A renewed confrontation between Iran and the U.S. sent Wall Street futures lower on Monday, lifting oil prices and dragging semiconductor shares down at the open. S&P 500 E-minis fell 23.25 points, or 0.31%, while tech-heavy Nasdaq 100 E-minis dropped 283.5 points, or 0.94%. Dow E-minis slipped a slimmer 19 points, or 0.04%.

Hormuz threat sends oil higher

Markets opened the week uneasy after Iran and the U.S. exchanged attacks in the Gulf and Tehran claimed it had closed the Strait of Hormuz, a vital conduit for global energy supplies. The hostilities cast doubt on an interim U.S.-Iran agreement signed last month that aimed to reopen the strait and end the war after 60 days of talks.

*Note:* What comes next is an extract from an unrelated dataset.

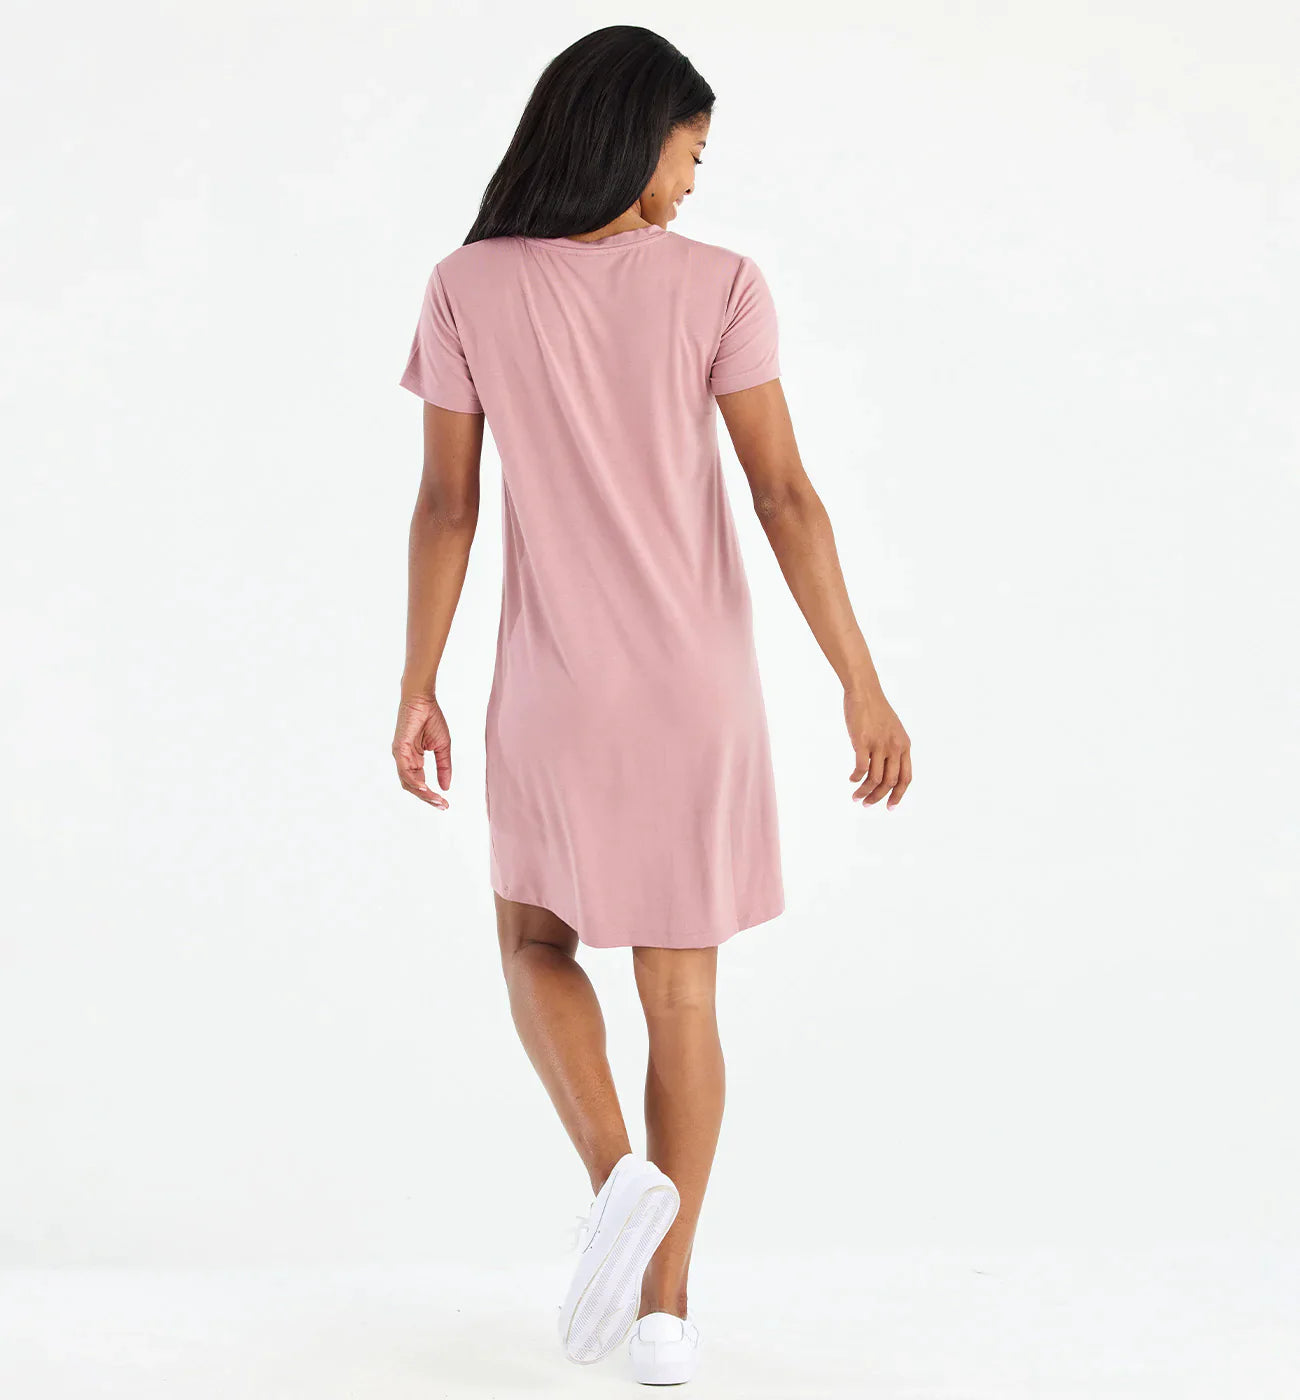 Free Fly Women's Bamboo Flex Pocket Dress - Ash Rose
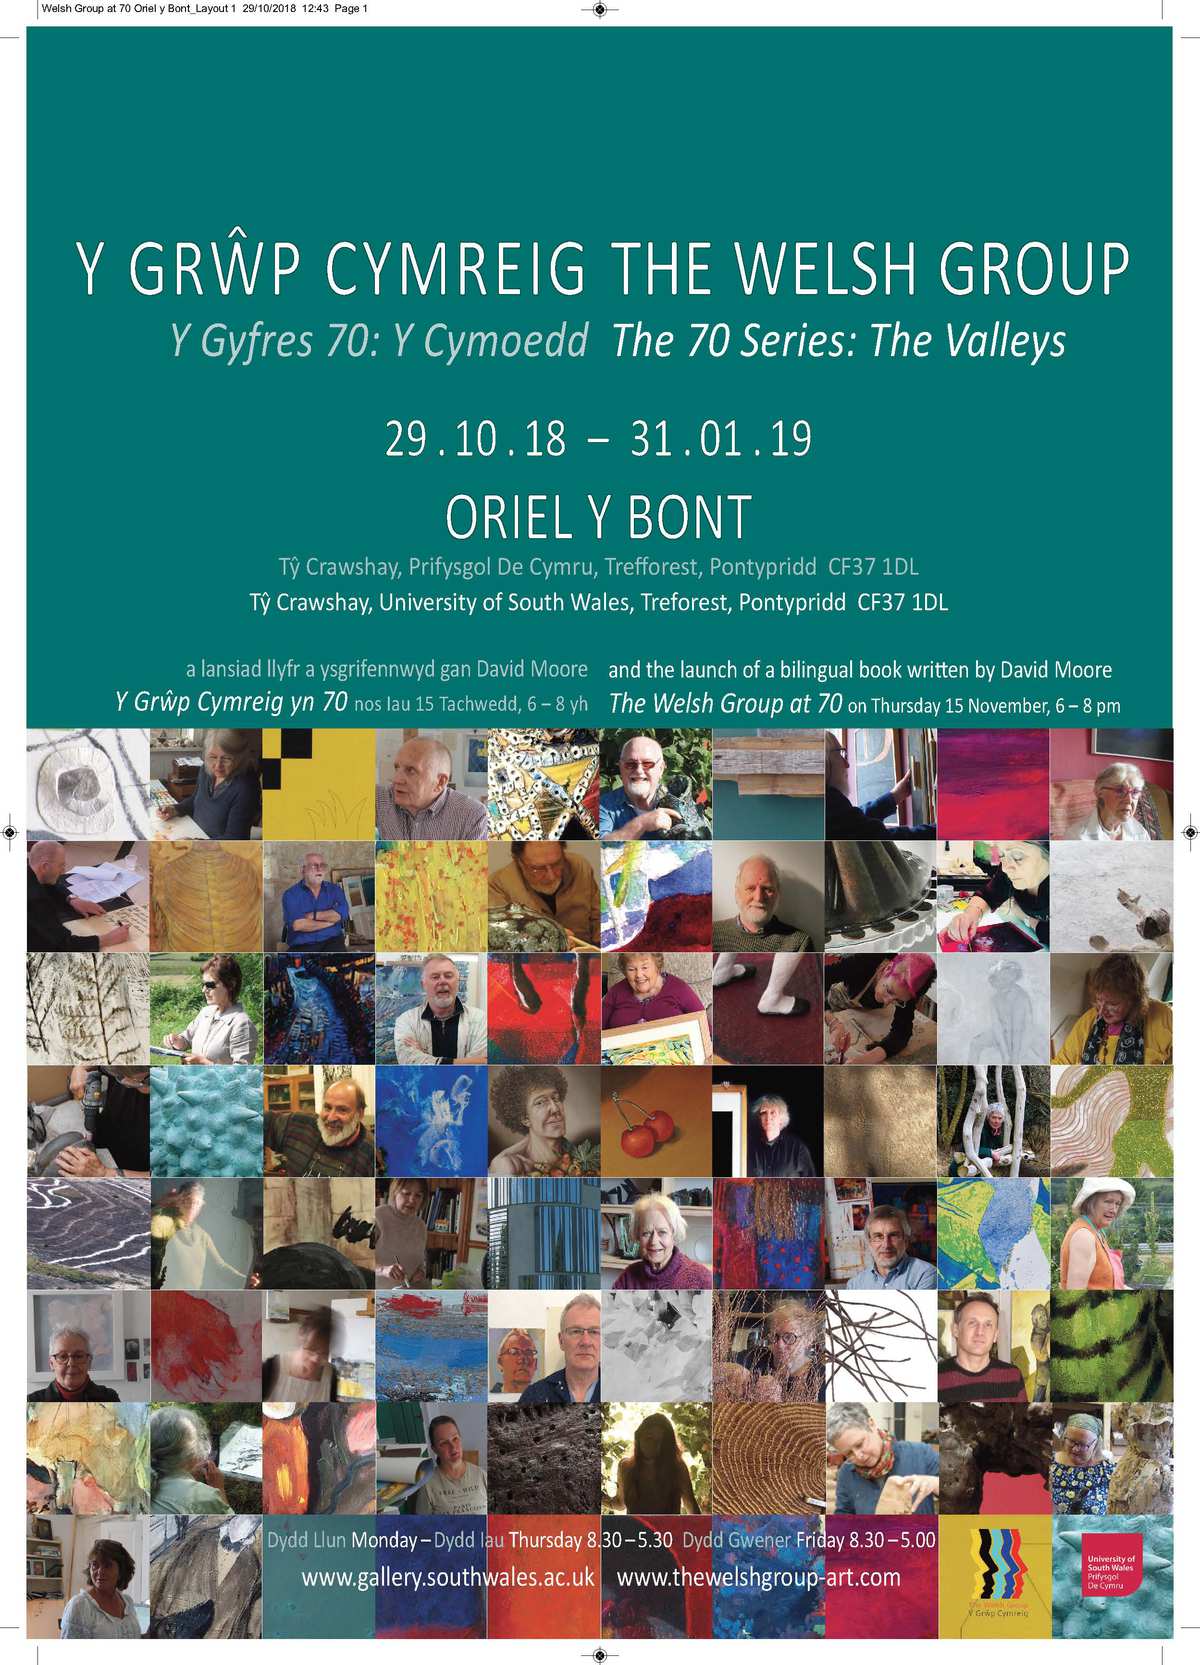 Welsh Group at 70 - Oriel y Bont poster - for printing.jpg

Investors weighed the renewed threat to the shipping route, and crude futures rose more than 3%. The oil spike fed straight back into equity sentiment, hitting the momentum names that had powered the rally.

Chip stocks take the hit

Semiconductor shares ranked among the biggest premarket losers. Micron Technology fell 5.3%, while Western Digital, Seagate and Sandisk dropped 5.5%, 4.3% and 6.5%. U.S.-listed shares of SK Hynix fell 8.1% after a strong Nasdaq debut on Friday, and the iShares semiconductor ETF fell 2.6%.

Kathleen Brooks, research director at XTB, said the geopolitical tensions and the oil spike were disrupting the momentum trade once again, a move she expected to hit the tech and chip-stock rally.

Inflation data and earnings loom

Despite the wobble, the S&P 500 is up more than 10% this year and sits less than 1% below its early-June record close. The moves came ahead of a busy stretch of data and earnings, starting with Tuesday’s U.S. consumer price index, an inflation reading that could reset expectations for interest rates.

Major banks including JPMorgan Chase, Goldman Sachs and Morgan Stanley kick off second-quarter earnings this week, and S&P 500 earnings are expected to rise 23.7% from a year earlier, according to LSEG I/B/E/S. Markets are pricing in at least one 25-basis-point rate hike by year-end, according to LSEG data.